## Given data
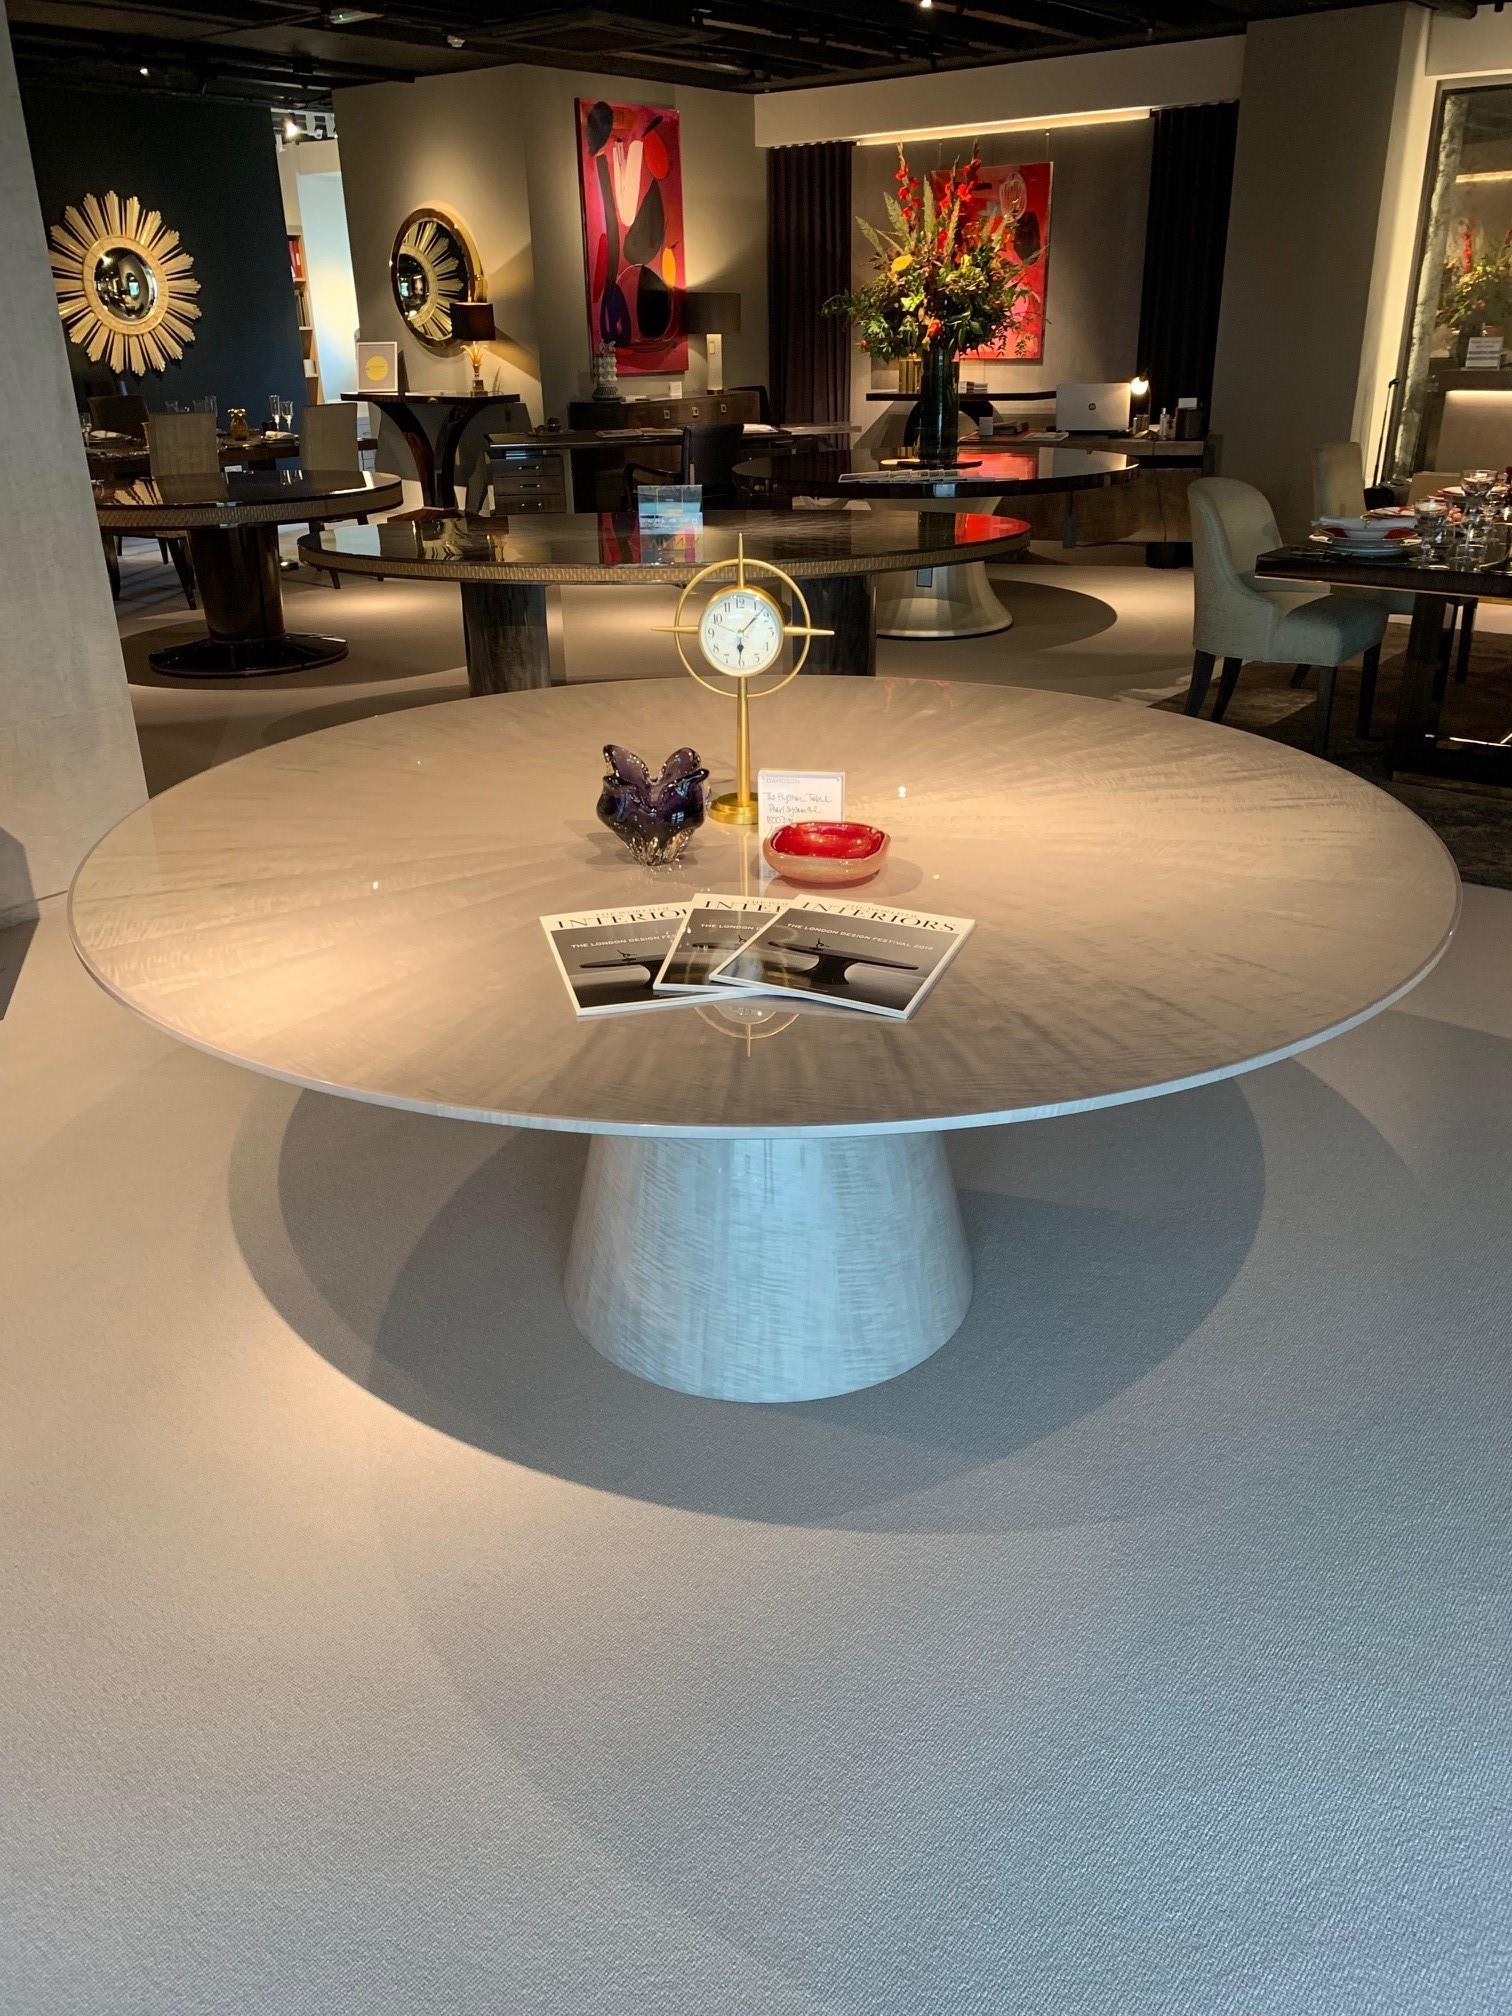 A stunning statement piece that will transform any dining room with its sublime anegre finish and striking silhouette.

The Elystan is part of the sumptuous anegre collection. Superbly sleek, it achieves serious impact and is certainly a table for
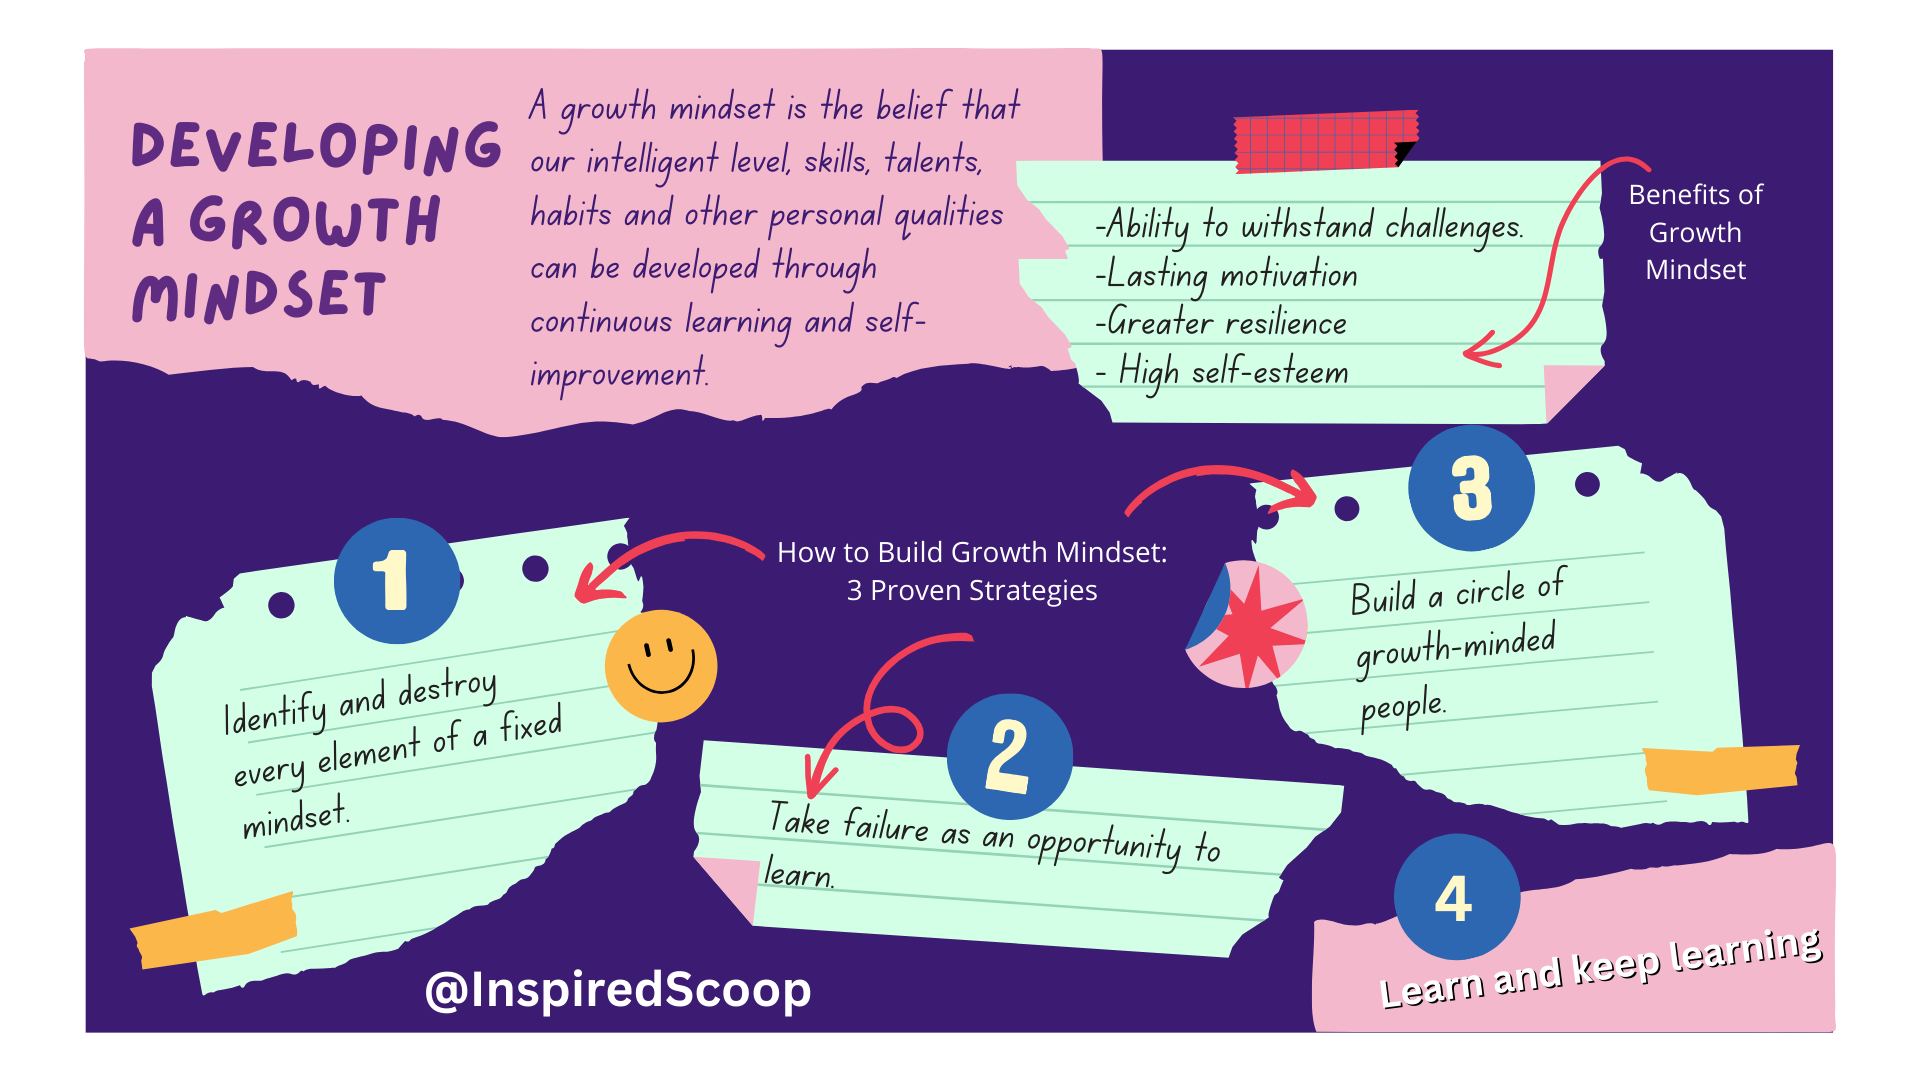 Growth mindset infographic: Meaning, Benefits and Strategies

## Work item
Once the images are set aside, retype all of the material above exactly.

## Exercise answer
 A stunning statement piece that will transform any dining room with its sublime anegre finish and striking silhouette.

The Elystan is part of the sumptuous anegre collection. Superbly sleek, it achieves serious impact and is certainly a table for
 Growth mindset infographic: Meaning, Benefits and Strategies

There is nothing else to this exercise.